Spiking Neural Networks for Continuous Control: Neuromorphic Reinforcement Learning in Conventional Computing
Abstract
Reinforcement learning (RL) algorithms have made strides over the past decade applying them to a wide range of problems and control tasks. While the primary improvements noted are those in discrete environments, using techniques such as convolutional neural networks, the concerns of their continuous environment counterparts have lagged behind. Neuromorphic hardware implementations have shared in these struggles, failing to make progress in implementing RL frameworks that operate consistently in continuous environments. Key implementations of Spiking Neural Networks (SNNs) work to solve these problems by offering alternative strategies to implement neural networks on neuromorphic hardware.

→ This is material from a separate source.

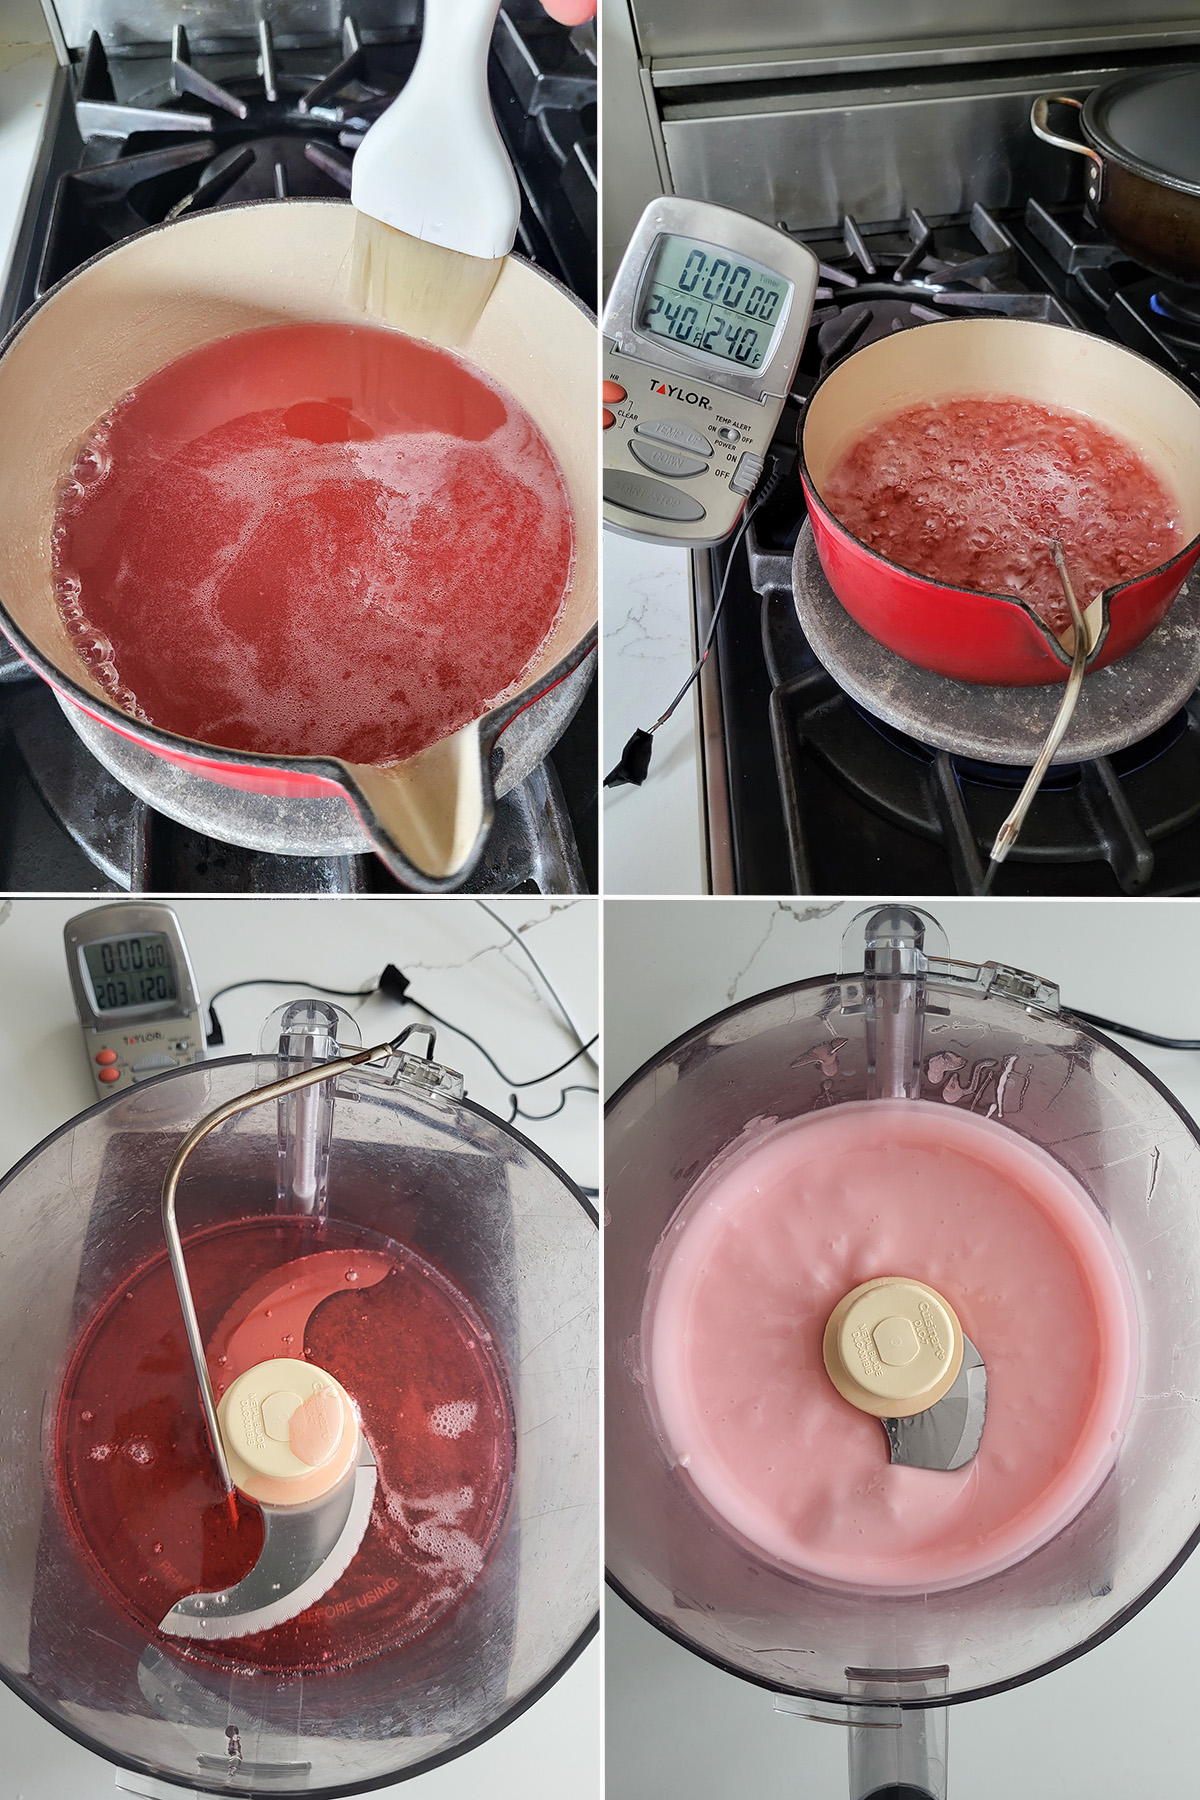 a pan with sugar syrup boiling. A food processor filled with syrup and fondant.
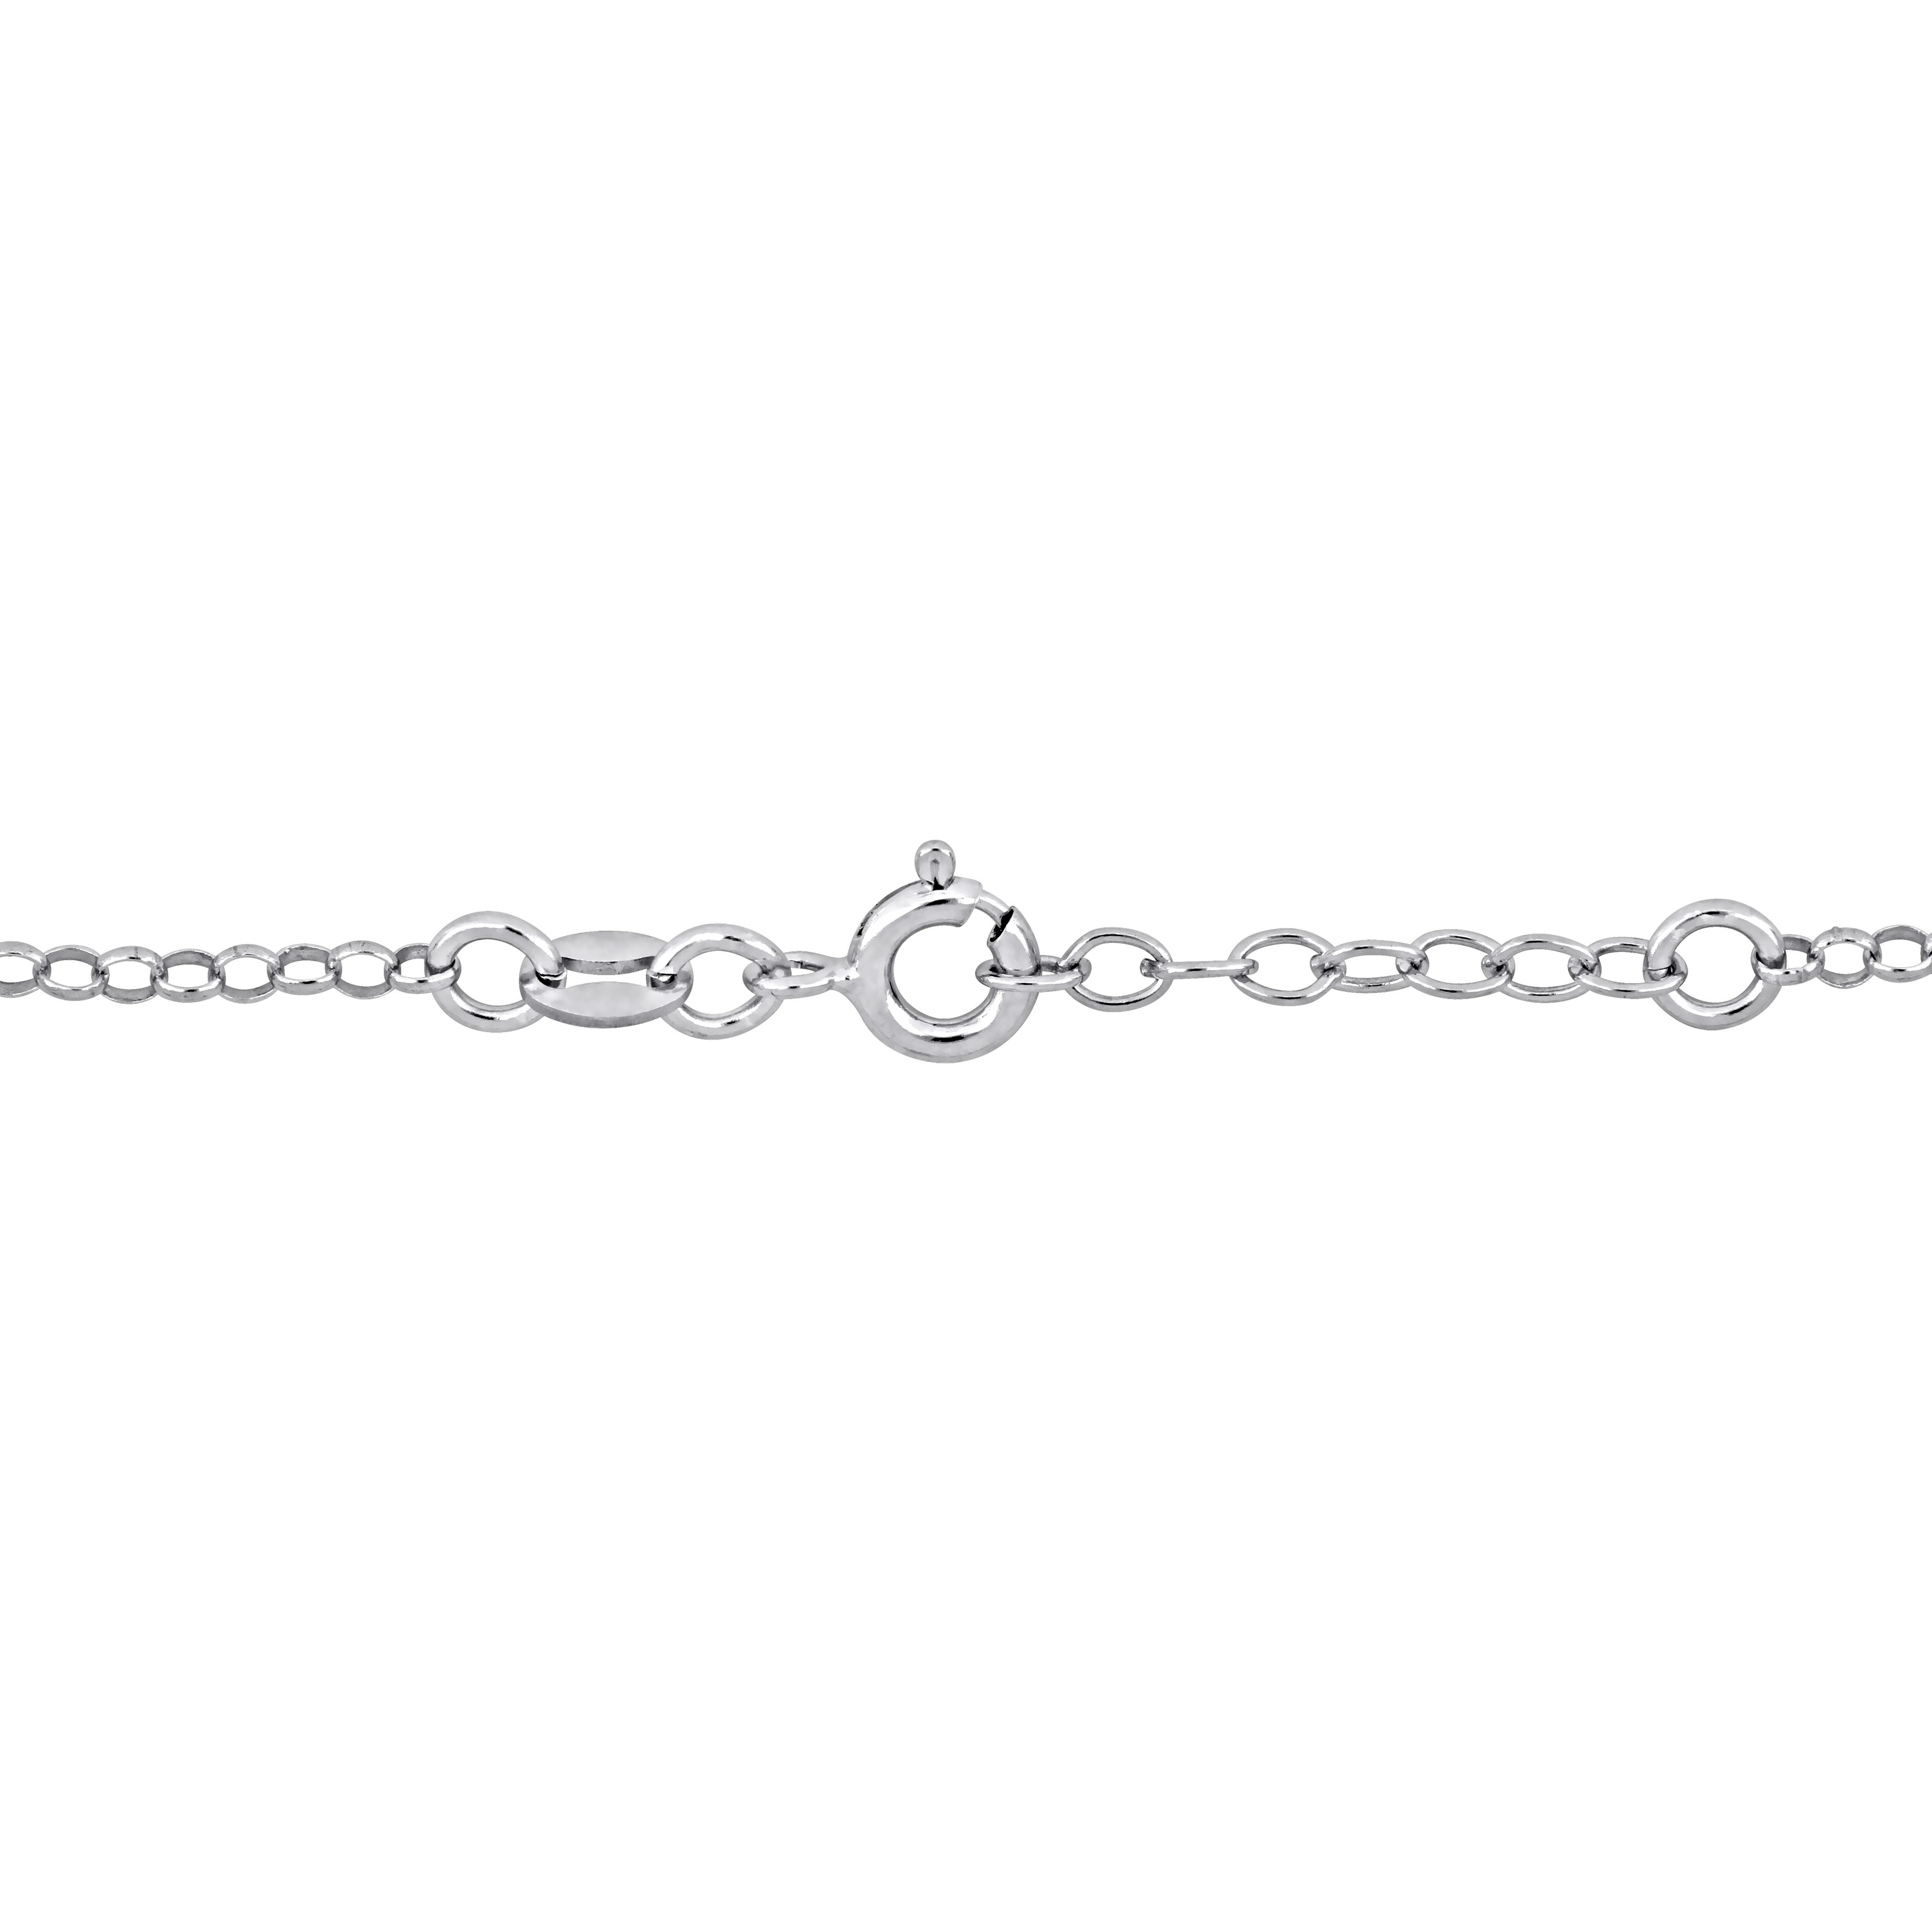 Dog Charm on 2mm Rolo Chain Station Bracelet in Sterling Silver - 6.5+0.5 in.

In this paper, we propose the Spiking Actor Network Soft Actor Critic (SANSAC) to address the use of RL frameworks in continuous environments, designed as a framework that can be implemented on neuromorphic hardware. We compare a traditional Soft Actor Critic (SAC) network to SANSAC in a traditional computer. We demonstrate the near equivalent performance of SANSAC and SAC, while addressing the impact of hidden dimensions. Our results demonstrate the viability of SNN based algorithms in complex continuous environments, as well as competitive performance to traditional neural networks in traditional computers, providing a basis to continue exploring the use of SNNs in continuous RL frameworks.